I love the looks of both, but I liked the black coated modified wharny of the Elsihewitz a little better, and I pulled the trigger and ordered it. It should be here by the weekend. I'm super excited, and sure I'll love it.

Now, I've never heard someone regret buying an Elishewitz, and I will likely carry and use it just as (almost) hard and often as the hinderer....but, I can't stop thinking about the hinderer. Do I need the XM18 too? HOW MUCH heavier duty is it? Did I make a horrible mistake (again, not that an Elishewitz is ever a horrible mistake) in my choice? SHould I have gotten the XM18 first (there is still one available to me if I decide I need to "get both!")? Will I be so thrilled that I'll forget about it? 


Short version: Somebody tell me I bought a great knife, I'll be happy with it, and I dont' "NEED" the hinderer right now as I have heavy duty knives I carry when I need them and the Elishewitz is heavy enough duty to handle anything that might reasonably come my way.


----------



## JB in SC (Nov 30, 2009)

Allen's mid tech knives look exceptionally nice. I would seriously doubt you will regret getting one.

It's my opinion that you are comparing apples to oranges (button lock to frame lock). Personally, I think a properly executed frame lock is the strongest folder locking mechanism.

One of the neat features of the XM-18 is the ease with which one can change the scale.

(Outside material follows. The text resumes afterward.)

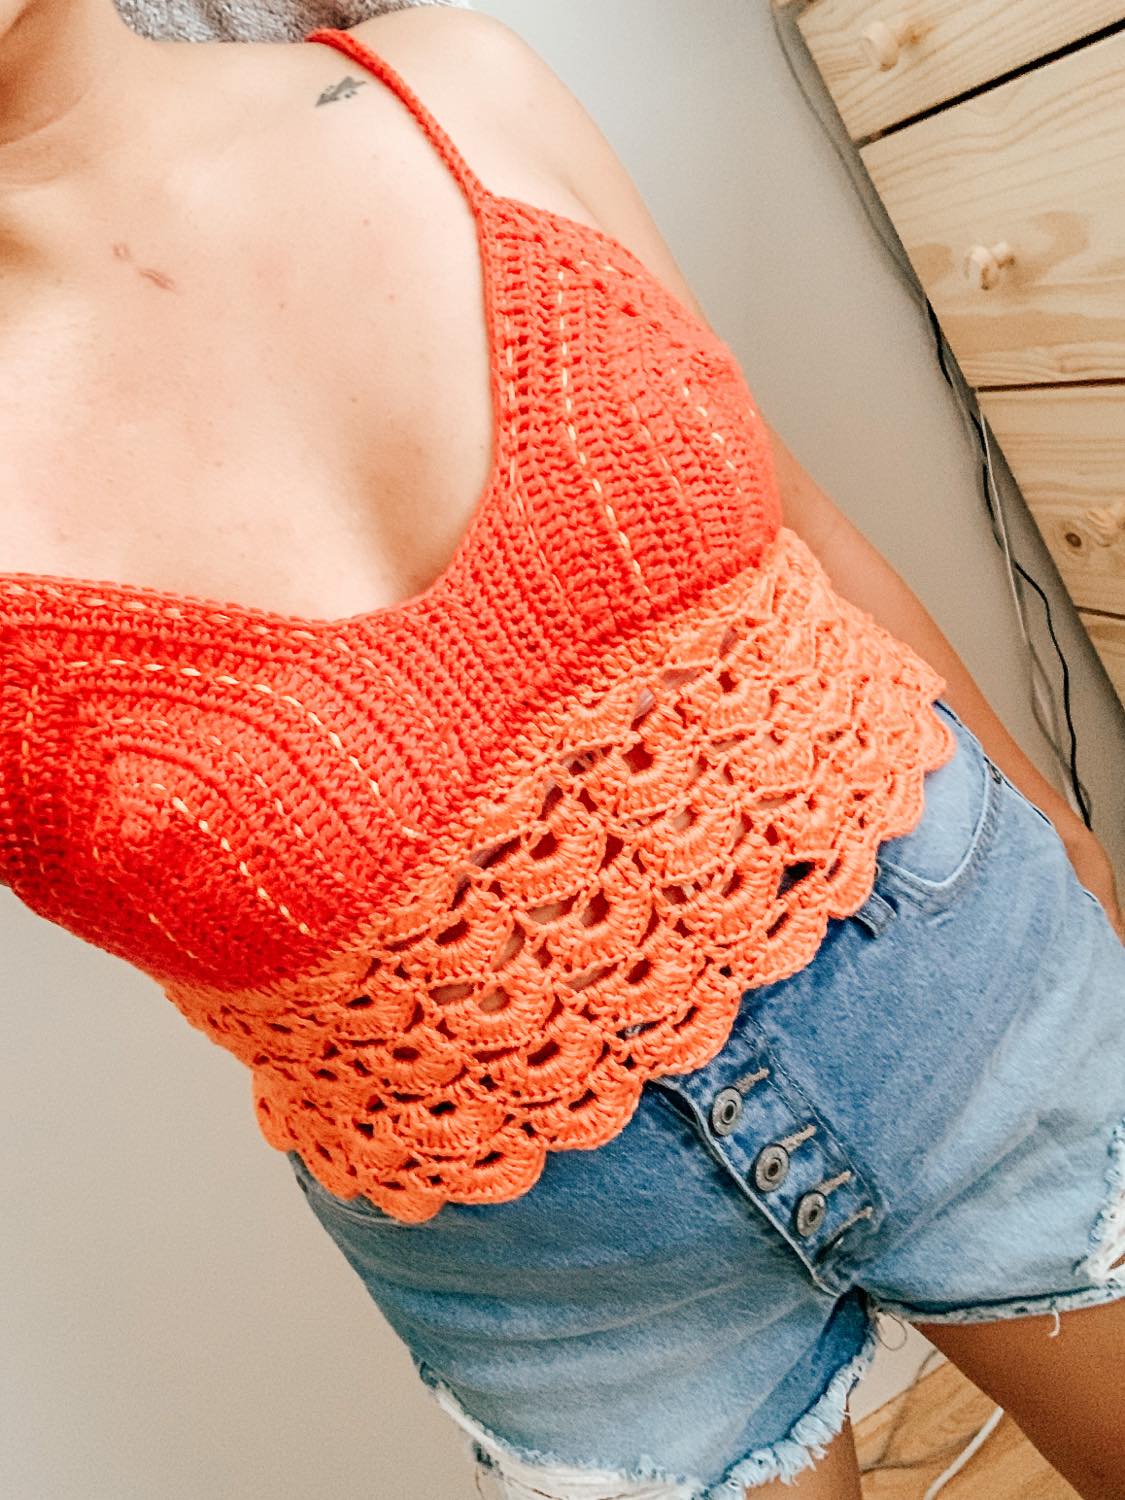 Crochet Lace T-back Bralette 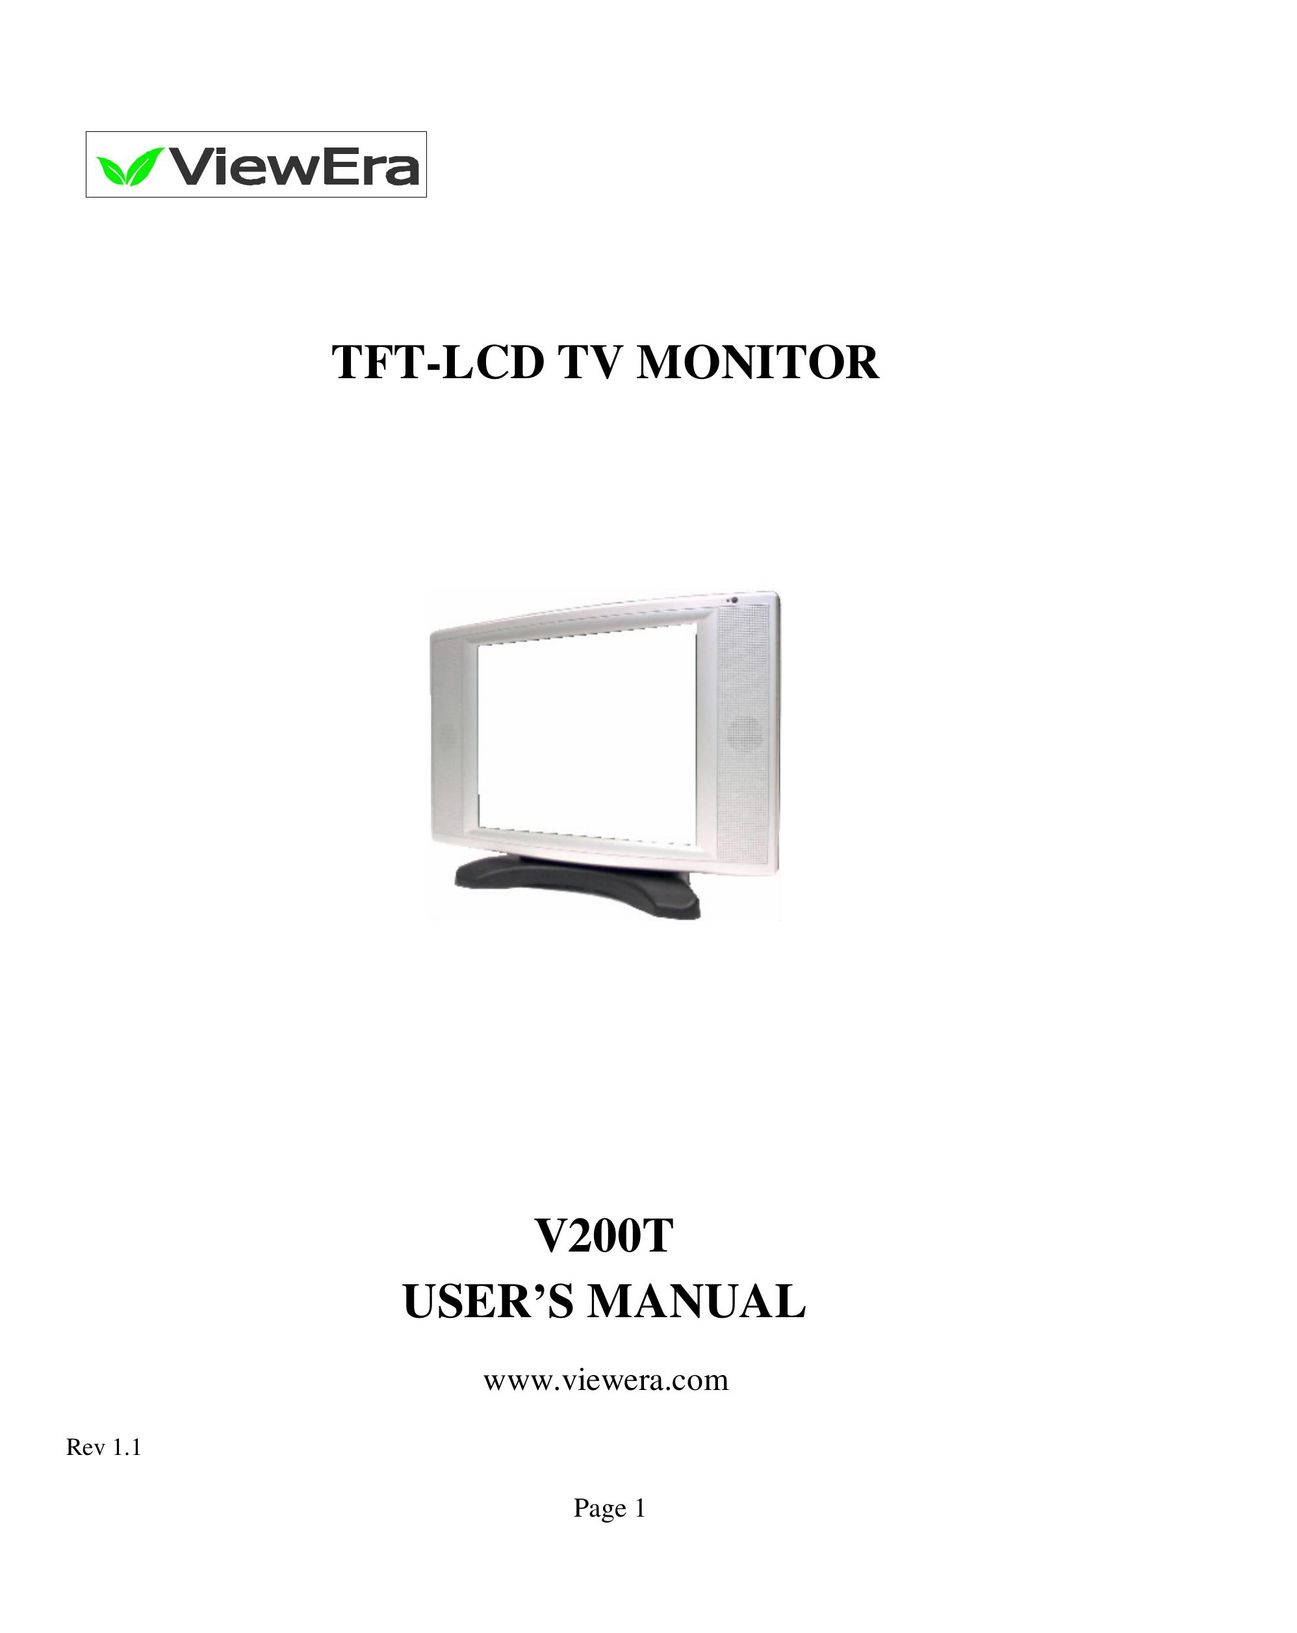 ViewEra V200T Flat Panel Television User Manual

As info, I don't have a dog in the fight since neither design is offered in a true left hand configuration.

Get both...


----------



## Knife Boy (Nov 30, 2009)

Allen's knives are awesome. I have 5 of his customs, and a midtech on the way as well. I actually can' wait to get it. His buttonlock mechanism is nothing short of beautiful. Rock solid lock up and buttery smooth. Allen stands behind his stuff too.

I have owned Hinderers as well (a firetac, and a custom handground XM-18) the XM was an awesome knife too. Very well made and stout. I have handled quite a few of the newer non-handground bladed XMs as well, and I have to say the spanto grind just isn't the same when it isn't had ground. The knives are still constructed the same as the customs, just the blade lacks something in my opinion. Both are great knives, but given the choice I would have chosen the Elishewitz too.


----------



## TKC (Dec 1, 2009)

*Allen's knives are top notch. But for me, I prefer the toughness of Rick's knives!!! So for me, the nod goes to Rick.*


----------



## toby_pra (Dec 2, 2009)

for me too...i love the XM18!:twothumbs


----------



## nathan310 (Dec 2, 2009)

XM would be my choice


----------



## smokelaw1 (Dec 2, 2009)

Well, those of you who know me on the other forum I posted this on know about this already, but the guy sold the XM-18 that was available. I had been given a "day or two" to think about it, and it's gone. I had been convinced (twist my rubber arm) that "buy both" was truly the way to go. 
I missed out, but now I can start the hunt!!!


----------



## Knife Boy (Dec 2, 2009)

I just received my Elishewitz Midtech yesterday, and it is a phenomenal knife. I got the original version with the integral steel frame/bolsters. Definitely get one!!


----------



## smokelaw1 (Dec 2, 2009)

Knife Boy said:


> I just received my Elishewitz Midtech yesterday, and it is a phenomenal knife. I got the original version with the integral steel frame/bolsters. Definitely get one!!


 
Cool, my lightweight should be here tomorrow. I am pretty excited about it!


----------



## Knife Boy (Dec 4, 2009)

Let me know what you think. After getting the original midtech, I really want a lightweight now too. Allen makes great stuff.



smokelaw1 said:


> Cool, my lightweight should be here tomorrow. I am pretty excited about it!


----------



## smokelaw1 (Dec 4, 2009)

It is absolutely amazing. So rigid and robust for the weight. The lockup is both smooth and solid (one of the reasons I like high end button locks). 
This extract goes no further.